Segment Open

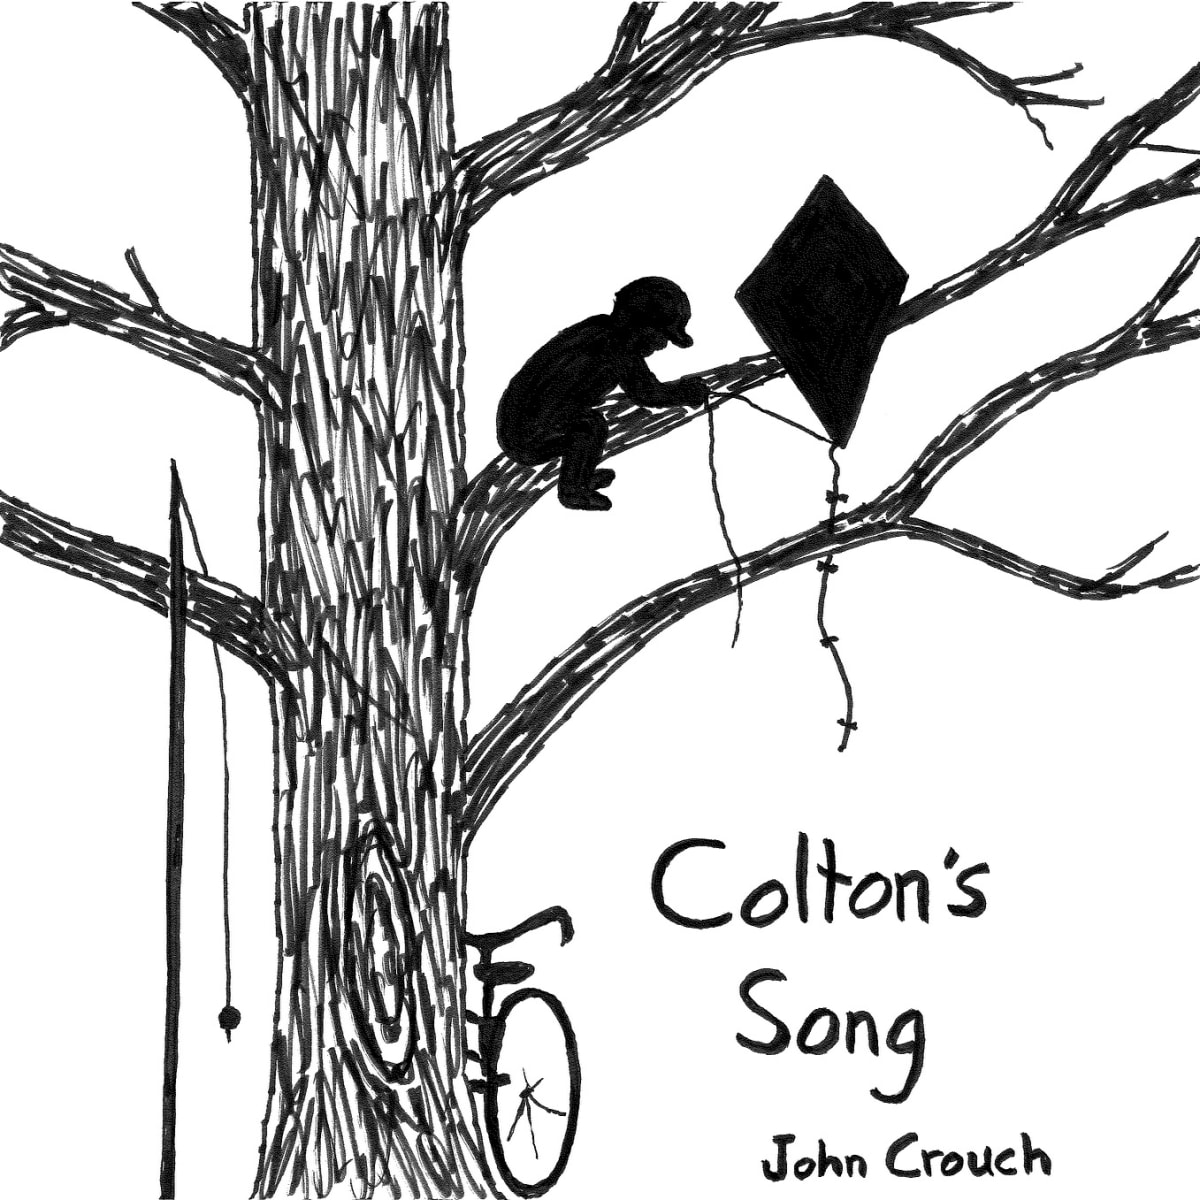 Colton’s Song (music cover art) by Shelley Crouch  Image: Cover art for original song by John Crouch
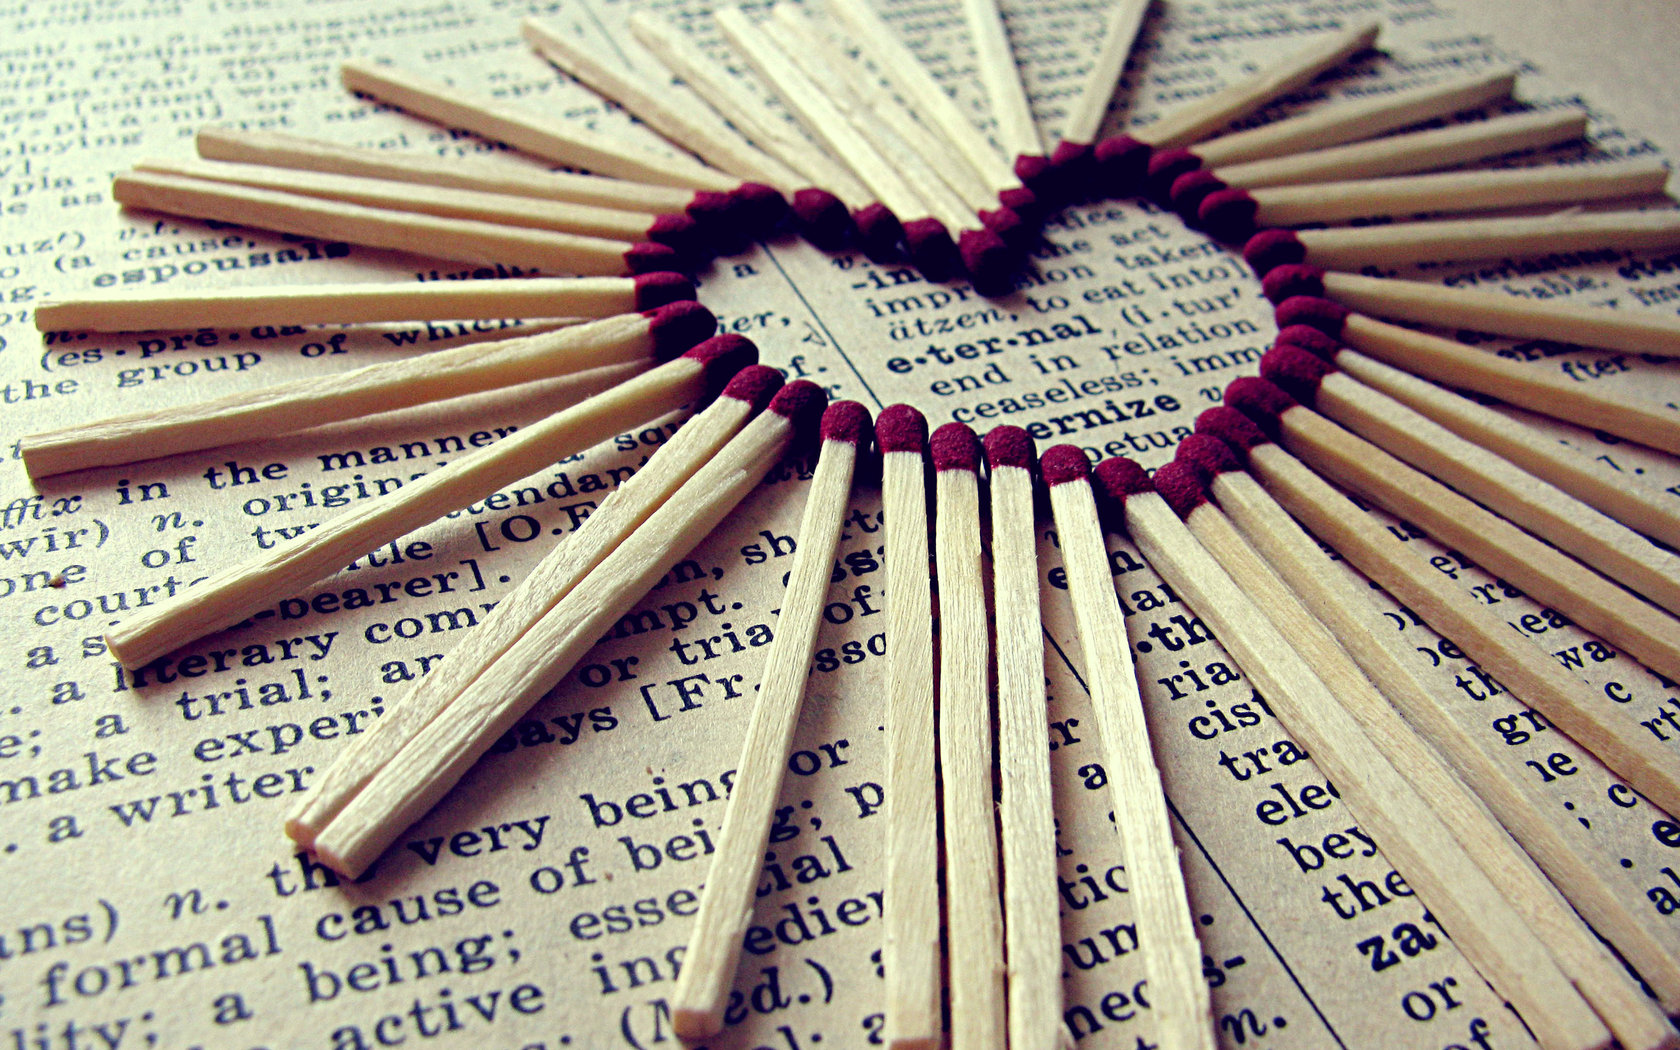 Heart of matches
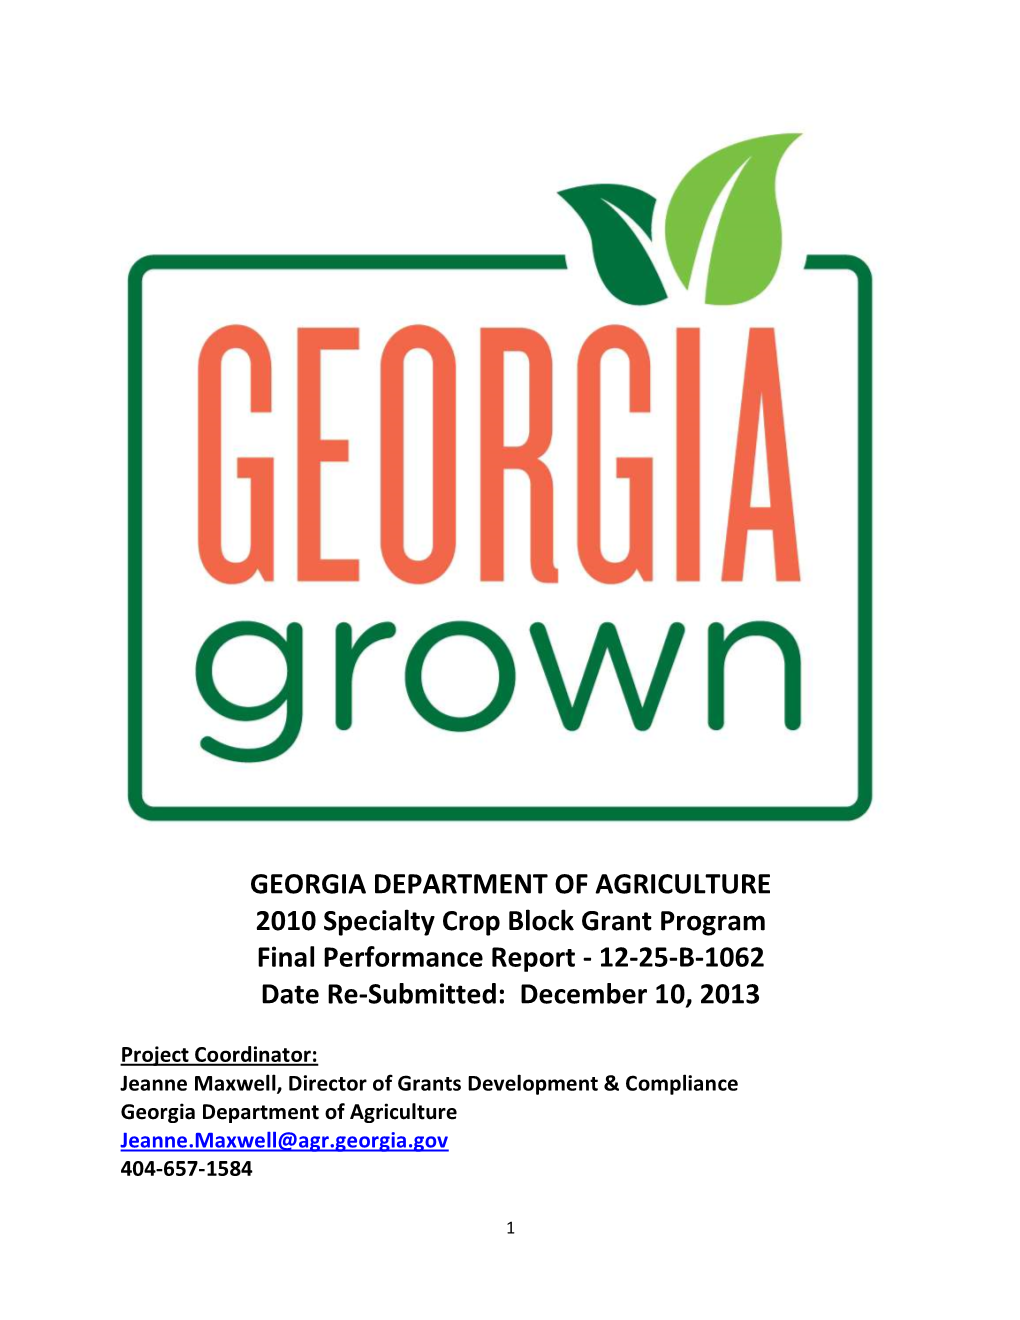 GEORGIA DEPARTMENT of AGRICULTURE 2010 Specialty Crop Block Grant Program Final Performance Report - 12-25-B-1062 Date Re-Submitted: December 10, 2013
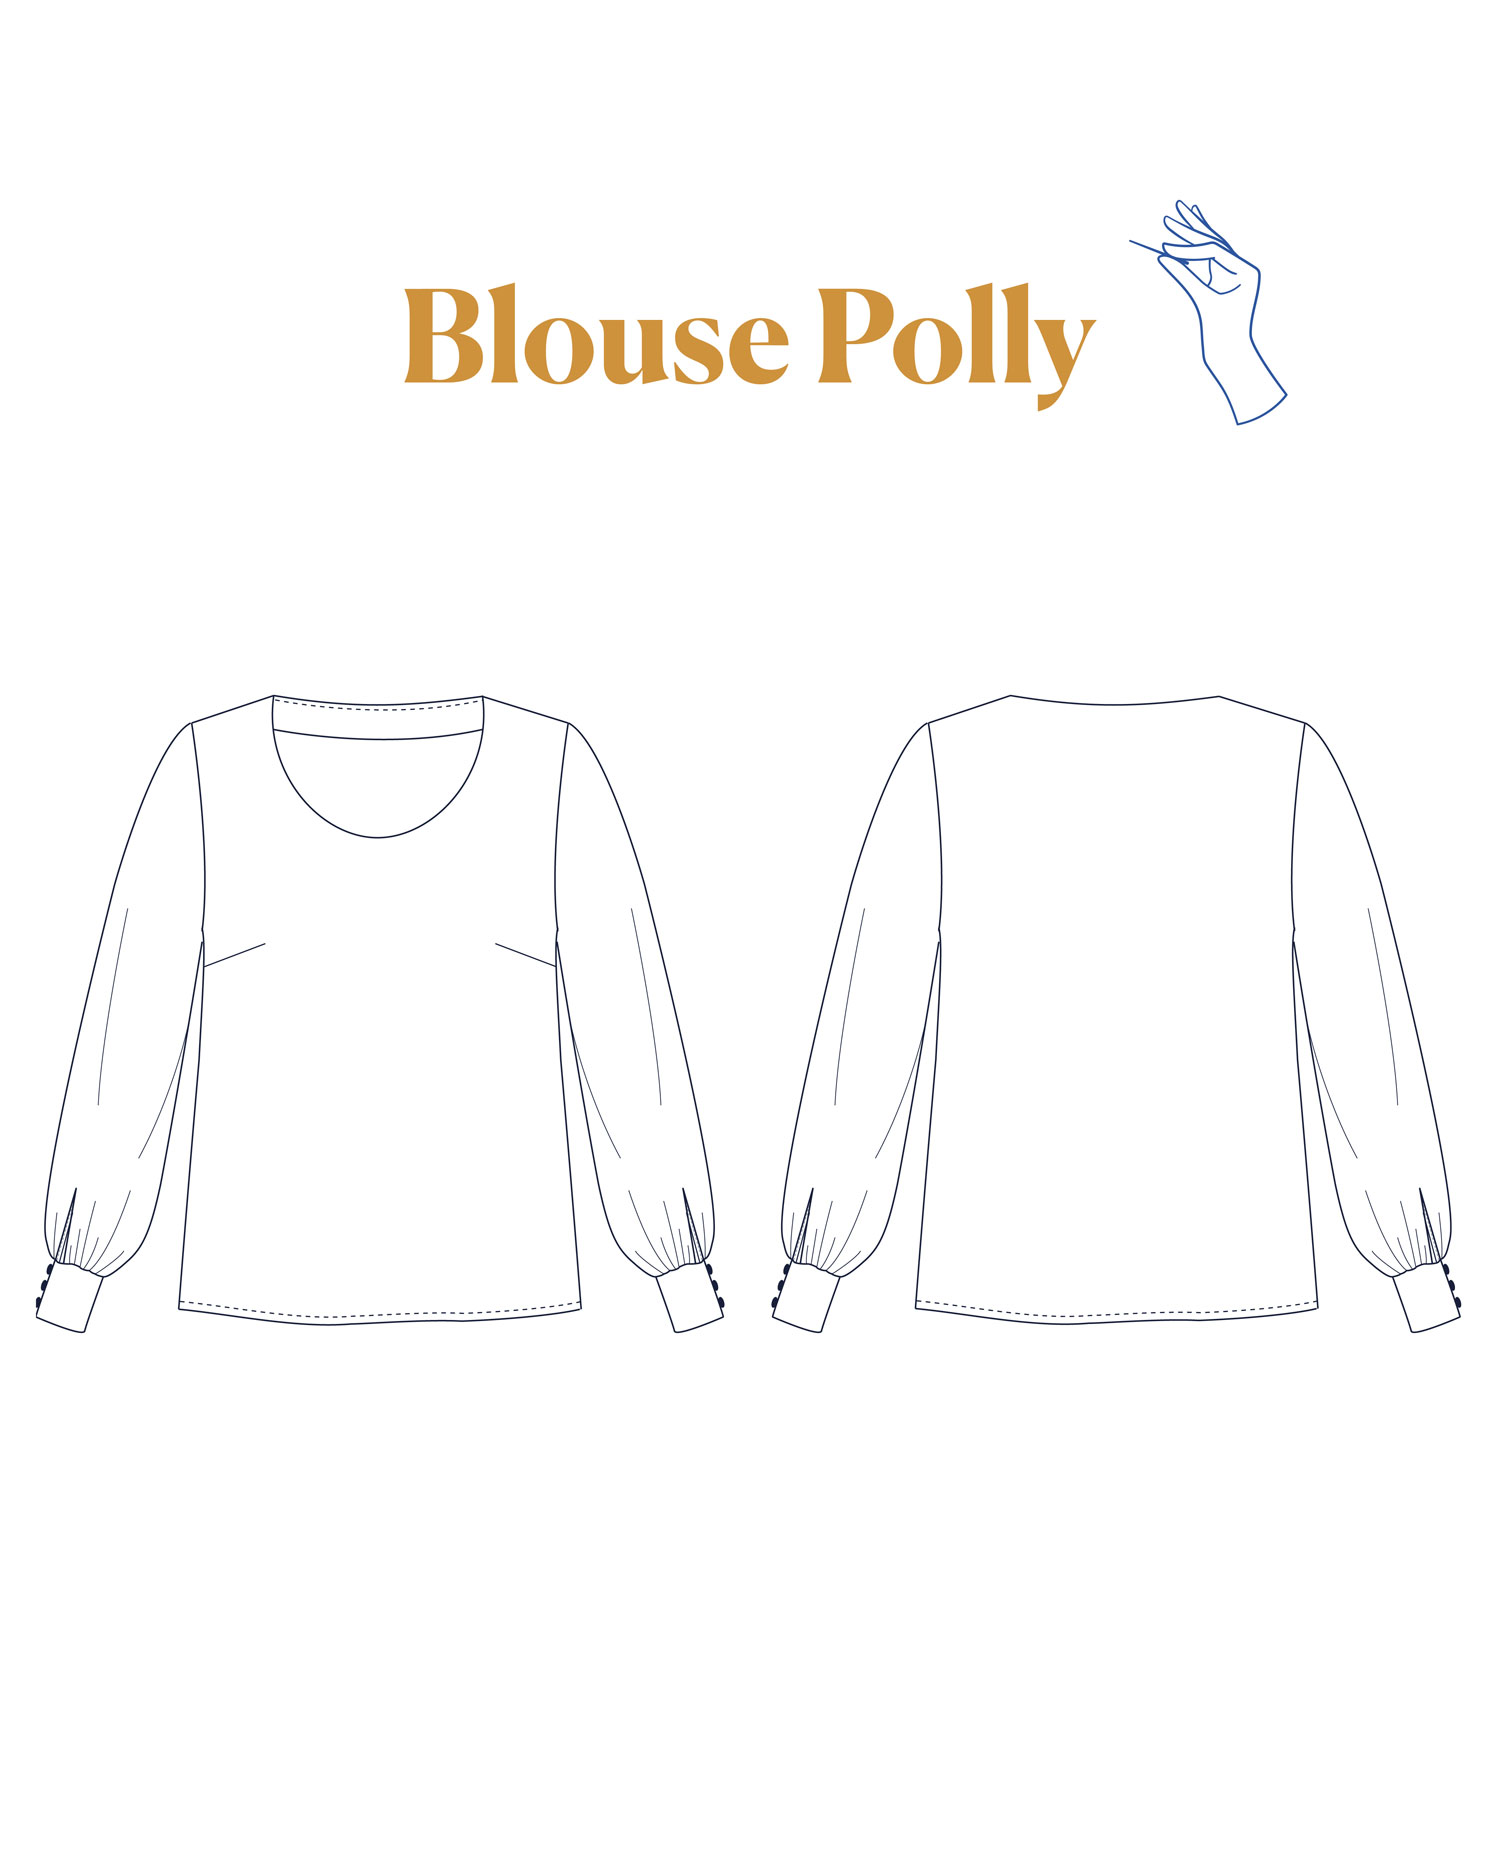 Blouse-Polly-couture-dessin
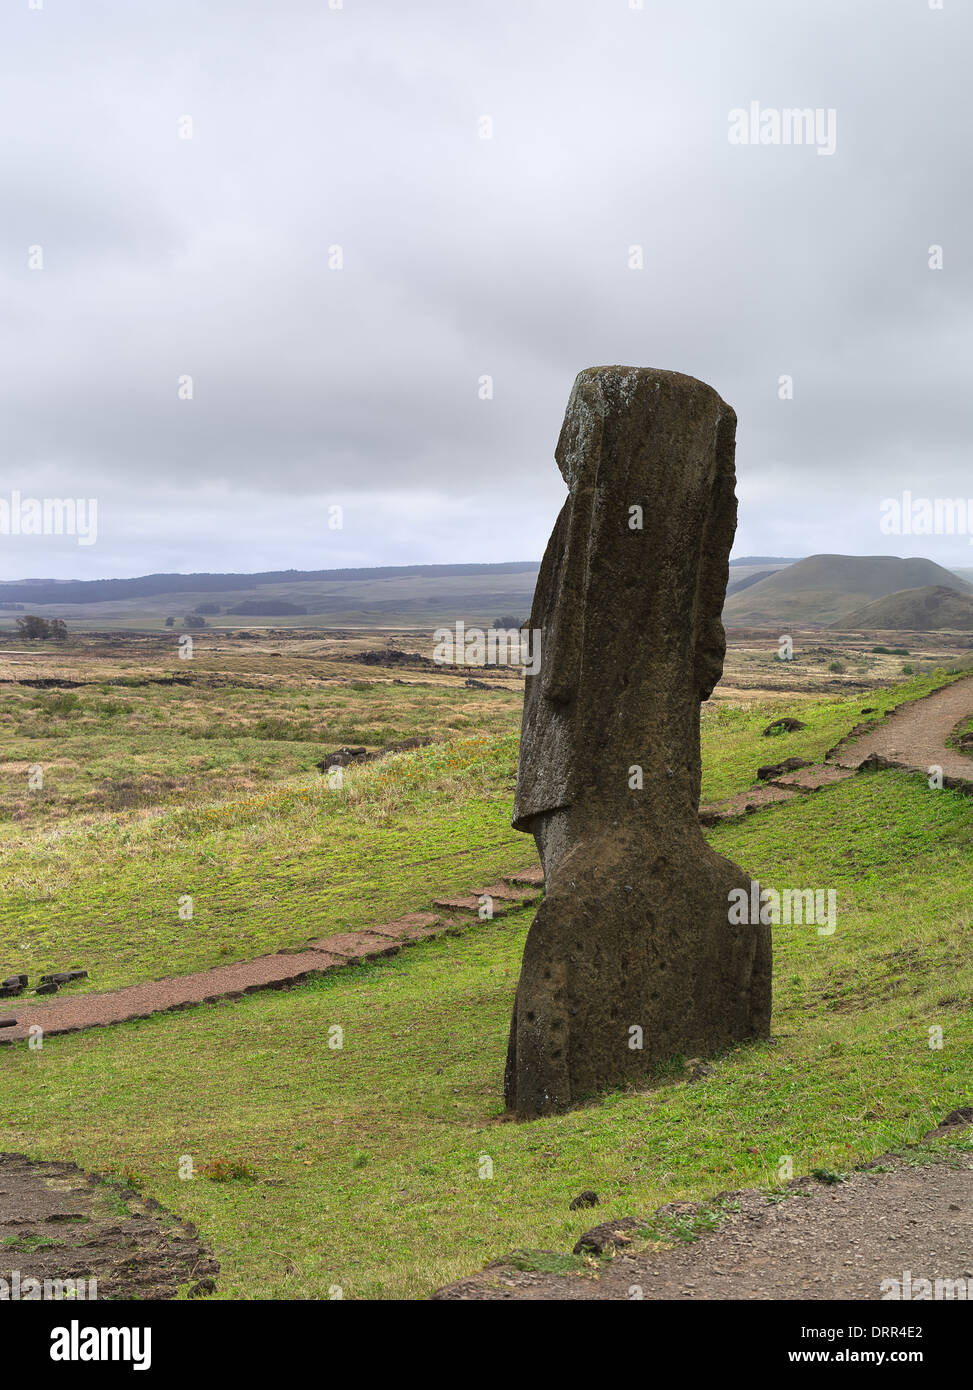 Chile. View of the stone statues moai 'Easter Island' panorama Stock Photo

Segment Closed

### [Description of the task]
Repeat exactly the lines from the one containing "GEORGIA DEPARTMENT of" to the last line of the records above, including both, and leave out any pictures.

### [Output below]
 GEORGIA DEPARTMENT of AGRICULTURE 2010 Specialty Crop Block Grant Program Final Performance Report - 12-25-B-1062 Date Re-Submitted: December 10, 2013
 Blouse-Polly-couture-dessin
 Chile. View of the stone statues moai 'Easter Island' panorama Stock Photo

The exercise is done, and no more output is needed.